First, thank you Dan, (that wasn't static by the way, I really did mean to say you are an awesome brother). Of course it's all due in part to my superior example as your older sister.
To everyone who has left comments sans "What an informative and interesting take on a very relevant subject..." by generic viagra, thanks for the well wishes.
Anna Maria is very sweet and her features finely chiseled. She is the smallest non-premie I've had and we all keep marveling over how tiny she is; and are enjoying the snow days and the deliberate slowness of the world that a new baby and six to eight inches of wet snow demand.
My mom corrected my memory; it was Saint Joseph's, not Saint Luke's --Saint Luke's is where Will was born.
Every time I go to the hospital, I get to retell my whole health life story and it brings me more stories. For those who aren't privy to my past, I was a 2 lb 11 onz baby myself back in 1966. Every once in a while, I go to the grocery store and try to pick out a chicken to see just how small that was. The intubation tubes back then were brittle by comparison with modern plastic catheters. This was before medicine had that wonderful steroid that helps open the lungs and assist premies to breathe without undue stress upon birth. The catheter came out at some point and in the haste of trying to re-stabilize me, the tubing probably broke my right vocal cord bone, dislocating it and leaving me with half the airway of a normal 2 lb 11 onz baby. Think Swizzle stick for a snorkeling tube and you get an idea of how much air was getting to my lungs.
The anestsisiologist present at my birth had taken to me and asked every medical professional, even flying to Boston to consult at Children's instead of going to a scheduled conference to determine what to do because I was retracting. The decision was unanimous. "Trache." and so I was. You know the part about staying in the hospital now until I was almost six months. The tracheotomy stayed for 8 years. I really never thought about it much until after it was taken away, you can't know what you never experienced so I never gave it much mind, it simply was.

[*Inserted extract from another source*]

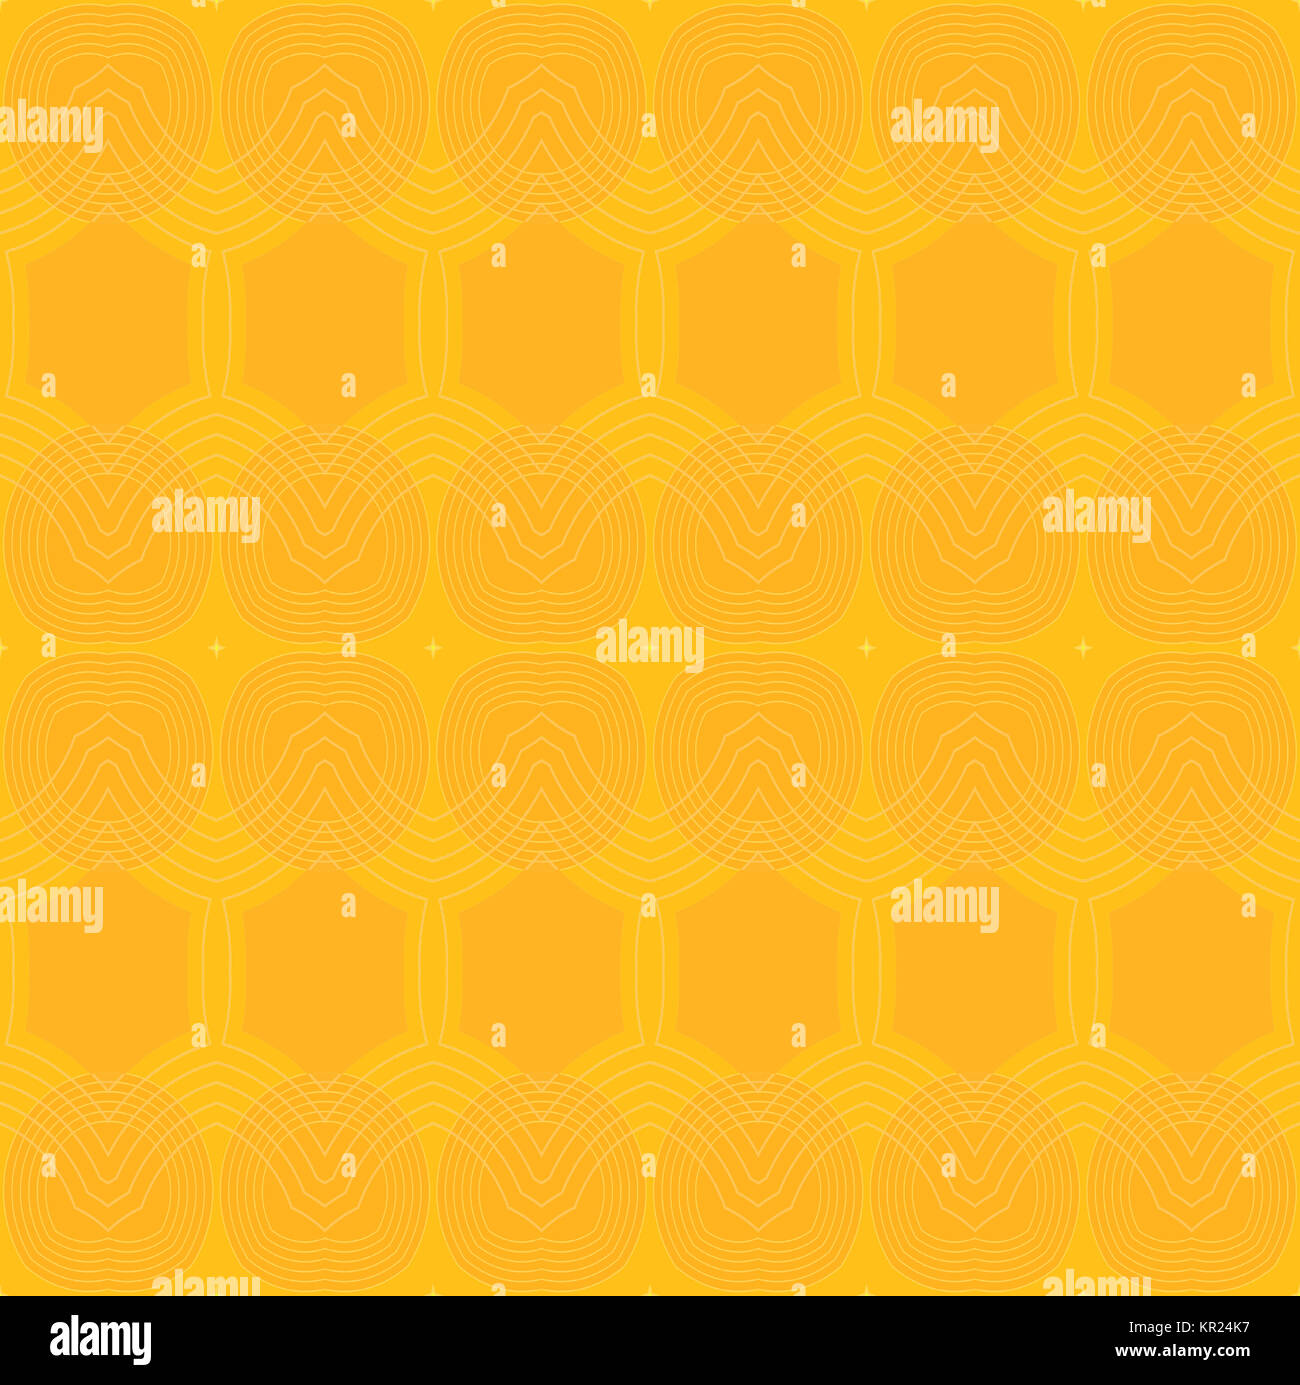 Abstract geometric plain background.  Seamless ellipses and hexagon pattern in bright yellow and orange with outlines. Stock Photo

But there were effects left to linger from that experience, I learned to fish early because I couldn't swim. I think I still love fishing more than swimming for that reason. I remember the first week after I got rid of the tracheotomy riding my bike against orders from the doctor. I know the bike felt faster and that I've never quite felt that flying freedom I experienced that day. I have a larger scar on my neck because of it, but the memory of that moment is bigger.
But you start telling this story and there is always so much more than can be explained by a single blog entry or even a slew...because there's the fact that we went to a charismatic retreat when I was six and the participants prayed for my neck to be healed and that weekend was the first time my mom was ever able to plug my trache up and have me not instantly turn blue.
Aparently I watched tv for a few minutes before deciding to go out and ride my bike. My mom watched as I rode fearing I would collapse. I didn't. Two years later, my dad took me to James Avery (Tx silversmith) after the surgery to get rid of the trache. I picked out a silver dove decending. He bought my mom a gold sand dollar pendant. It has the date the trache was removed engraved on the back.
To this day, I don't feel right if I'm not wearing my dove and I feel the closest affinity to the Holy Spirit. It is like a wedding ring to my neck.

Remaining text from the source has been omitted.